Similarly, I find myself worrying about my salary. Last week I got my financial statement from work and it revealed that after a couple of "low" giving months, the cushion in my ministry account is no longer in the thousands, but in the hundreds. C. was quite startled when I told him. In many areas he shows great faith, but his experiences with raising support were not so good, and so this time he was the one who panicked. And maybe I did, too...
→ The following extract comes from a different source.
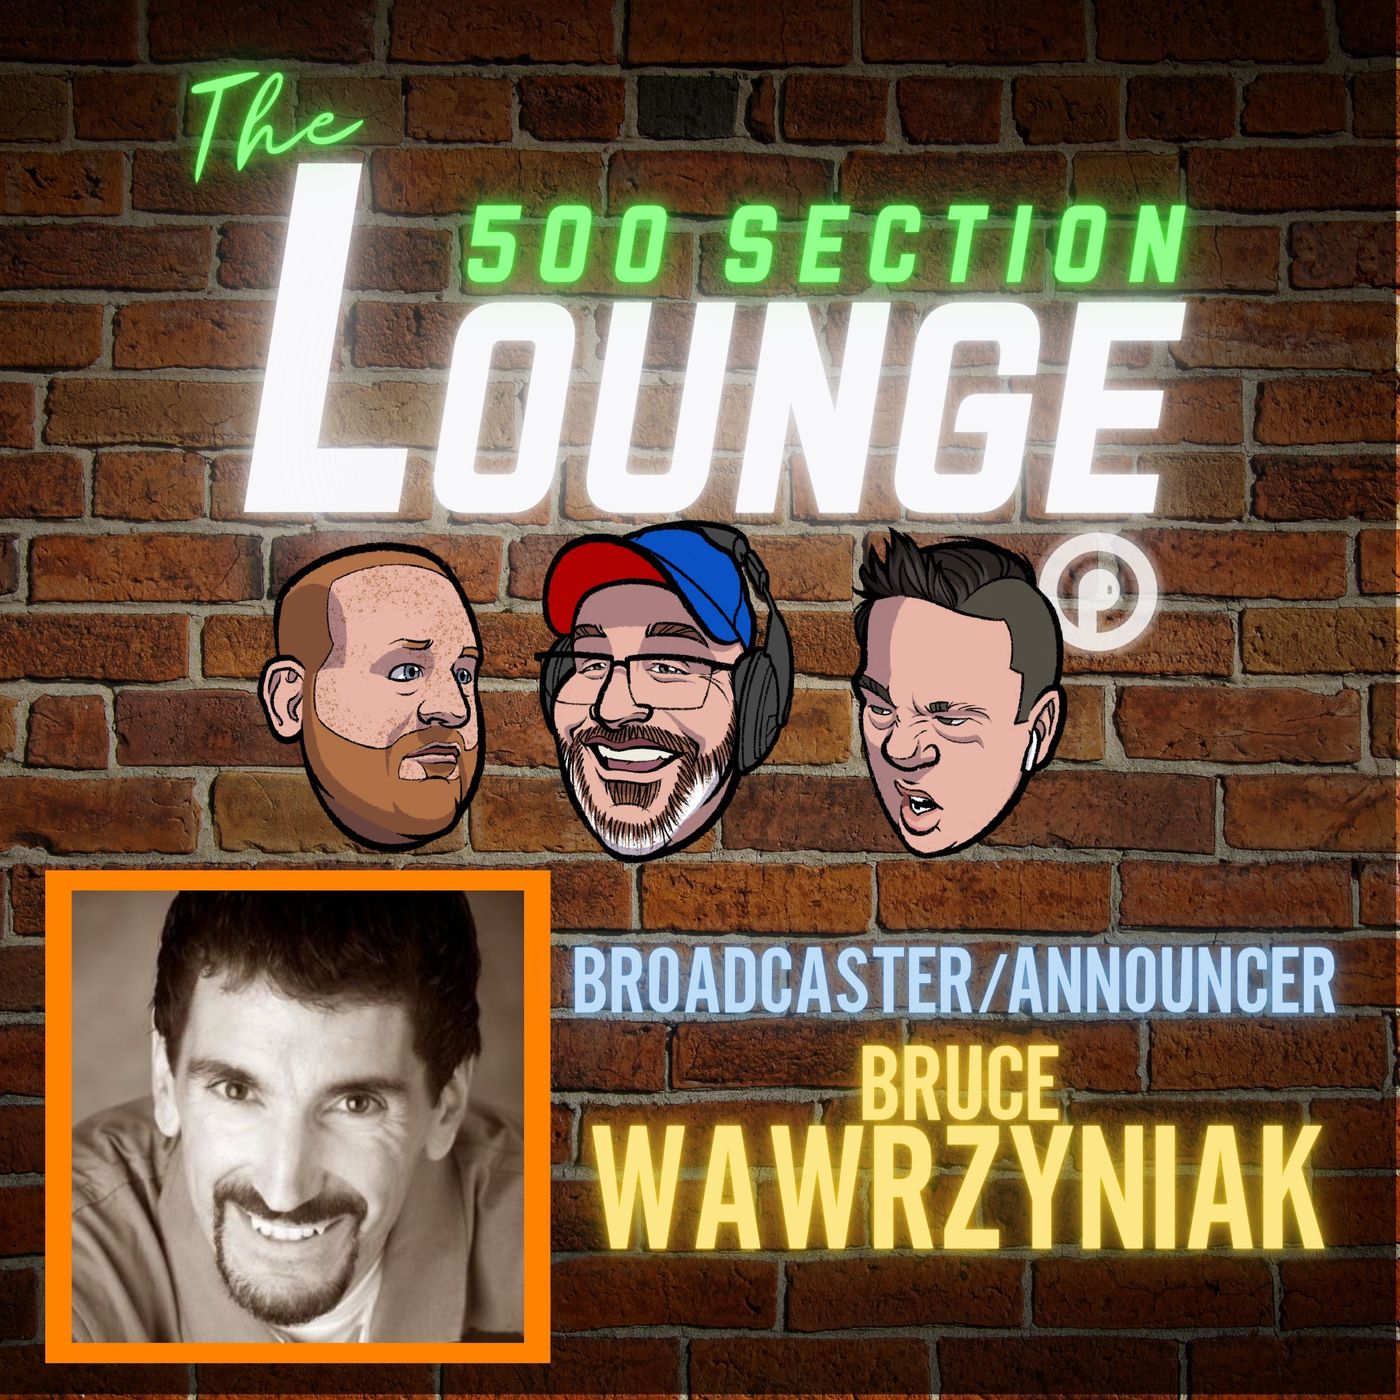 E136: Bruce Wawrzyniak Broadcasts His Story In the Lounge! Image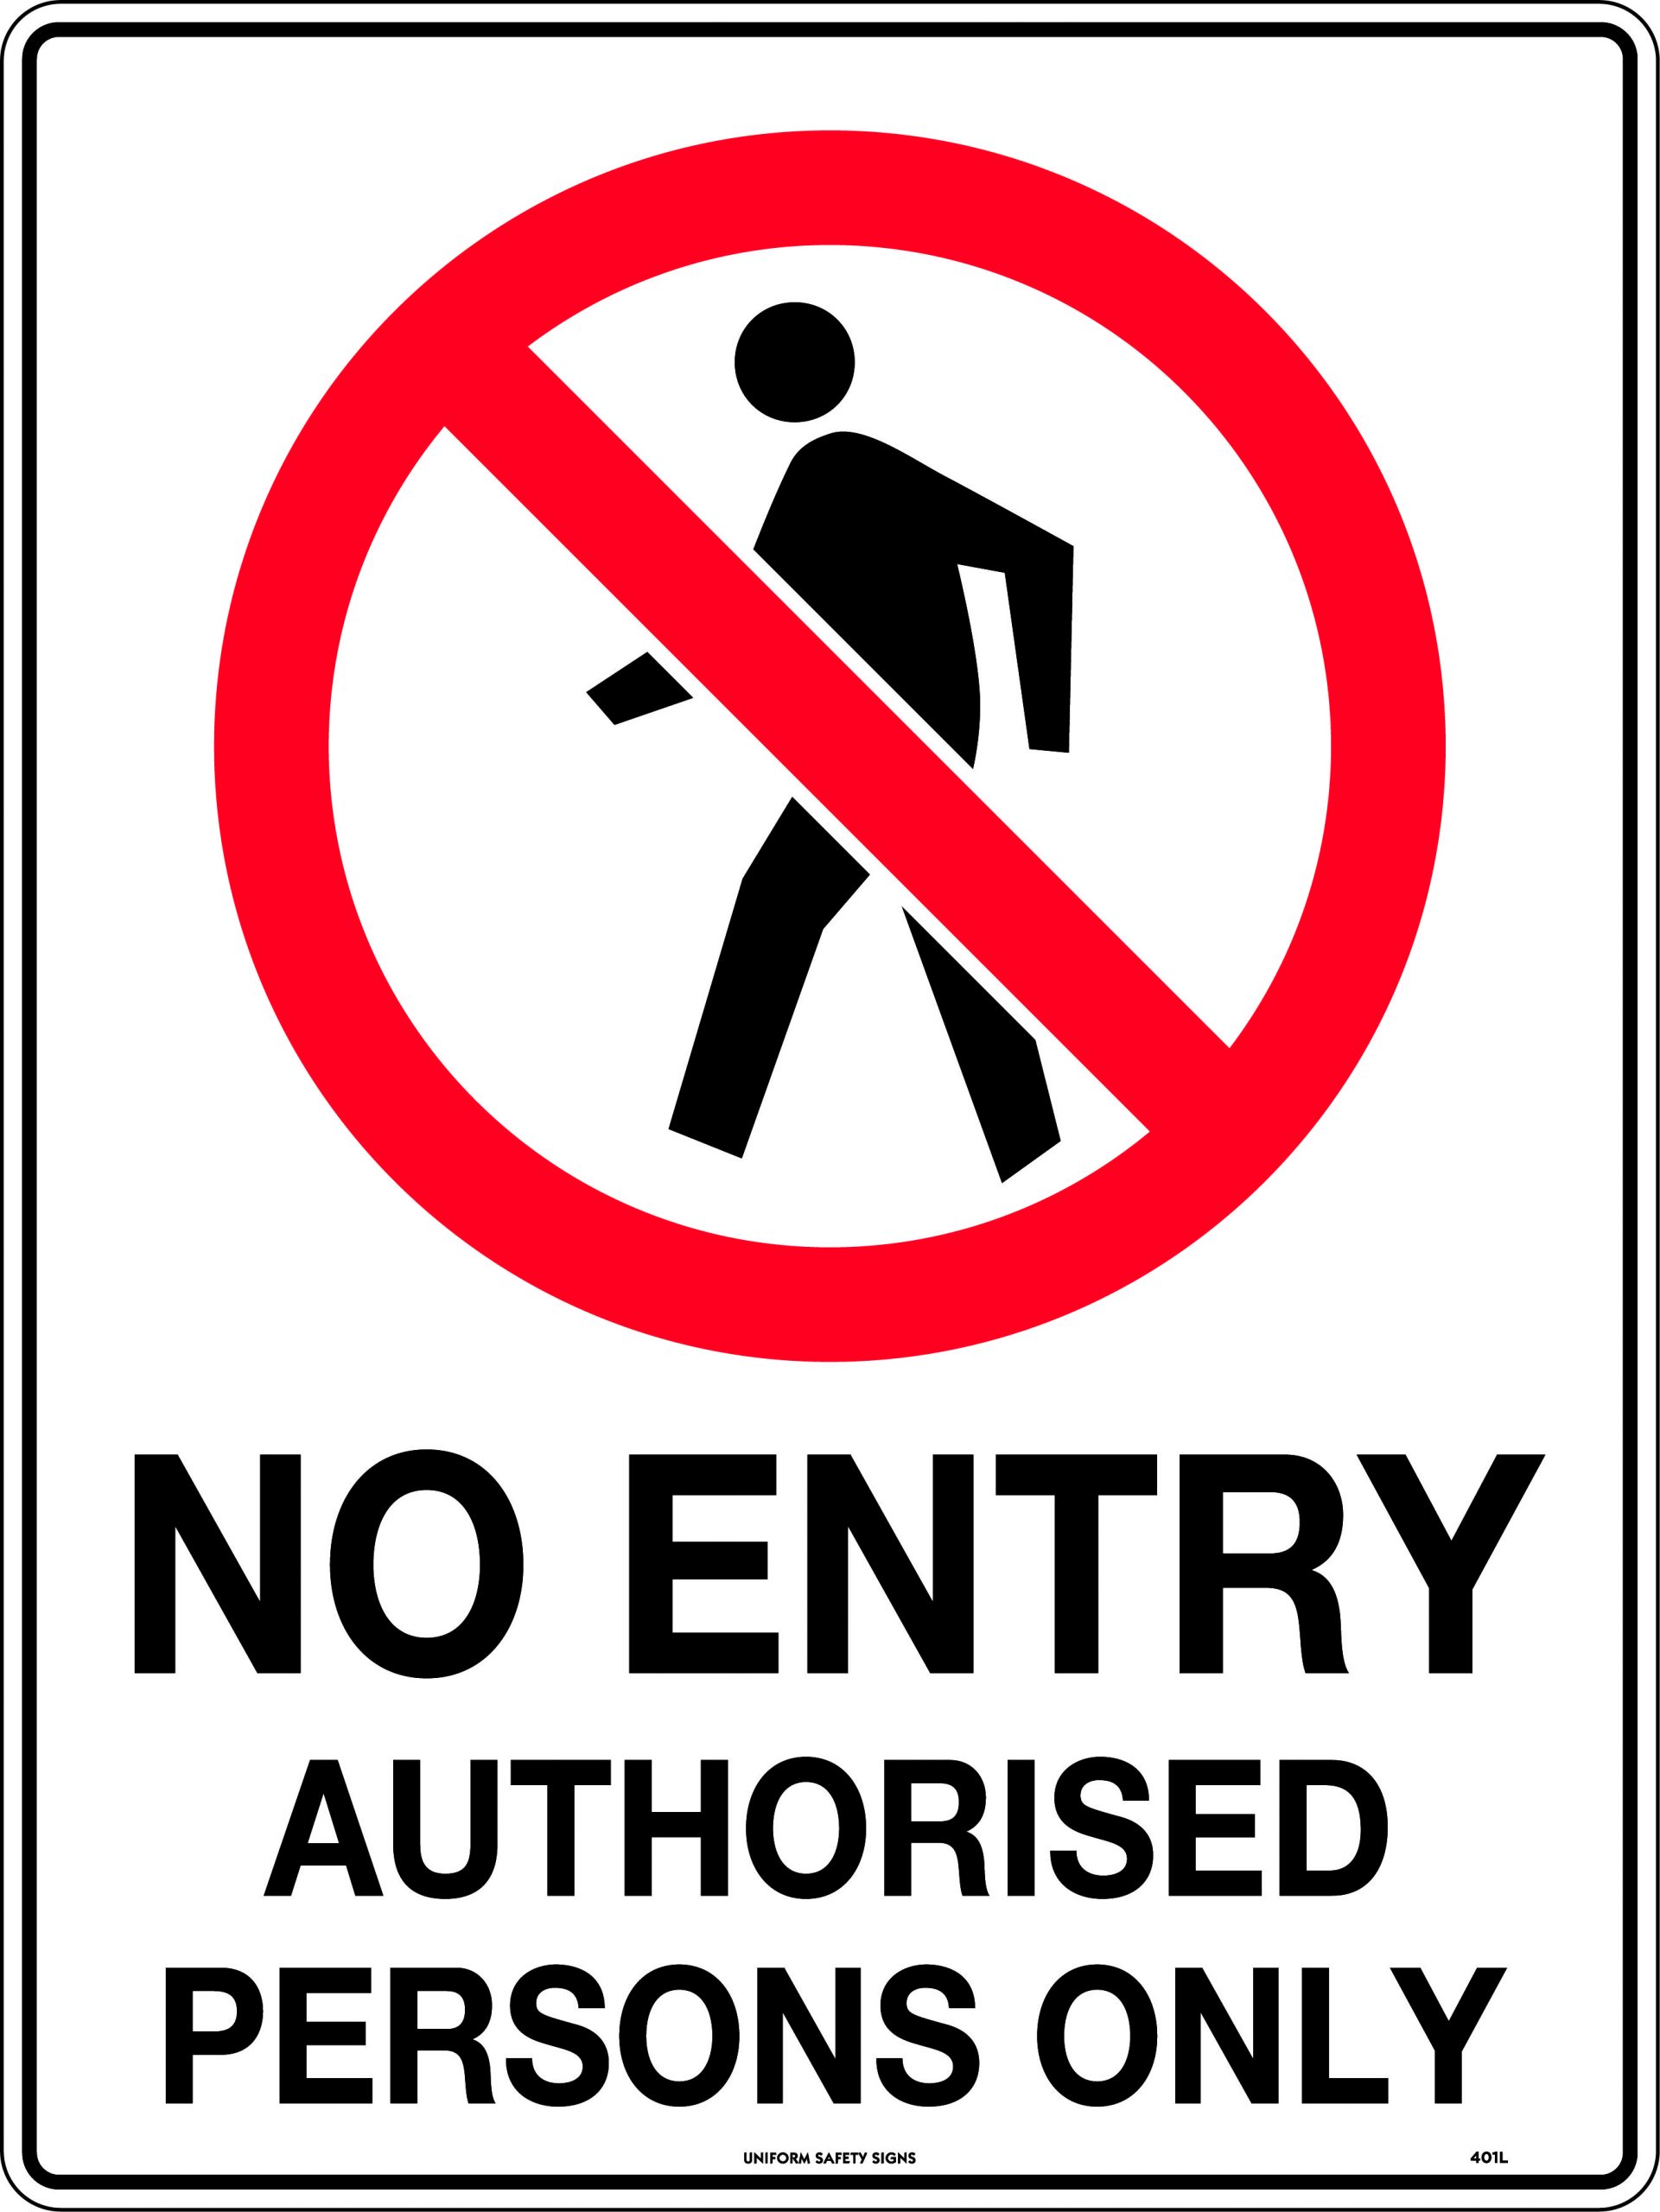 SIGN 450 X 200MM SELF ADHESIVE NO ENTRY AUTHORISED PERSONS ONLY

It's not unusual to scape the bottom of the barrel this time of year, right? And after all, I did just lose a $500/month supporter. So of course my account is low. But have I done my part, have I been responsible, have I made my needs known and given people gracious and attractive opportunities to be part of my work? I felt, guiltily, that I had not. So I wrote and sent an email letter to 400+ people that was pretty clear about soliciting support. I knew it was only one step, but I figured it was a start - would lay a foundation for taking the scarier steps that must follow.
Later, I had trouble sleeping, fretting over whether I'd crossed - or appeared to cross - the line. Conventional support-raising wisdom is clear; letters are a good way to stay in touch but no way to raise funds, not for situations like mine. Impersonal direct solicitation for ongoing personal support is likely to come across as offensive and manipulative - and, moreover, it doesn't work. I couldn't sleep until I prayed, again, over those letters, told God I knew they might have been a mistake and asking him in his mercy to use them to build a bridge and not a barrier for those who received them. I reminded myself that God is the one who provides and that he can use whatever sources he wants; it's not my job to decide or know where they money's coming from. It's my job to ask, and to trust, and to say thank you.
Do you find the state of your bank balance does weird things to your heart? What have you found that helps?
>> Read the rest of Matthew 6.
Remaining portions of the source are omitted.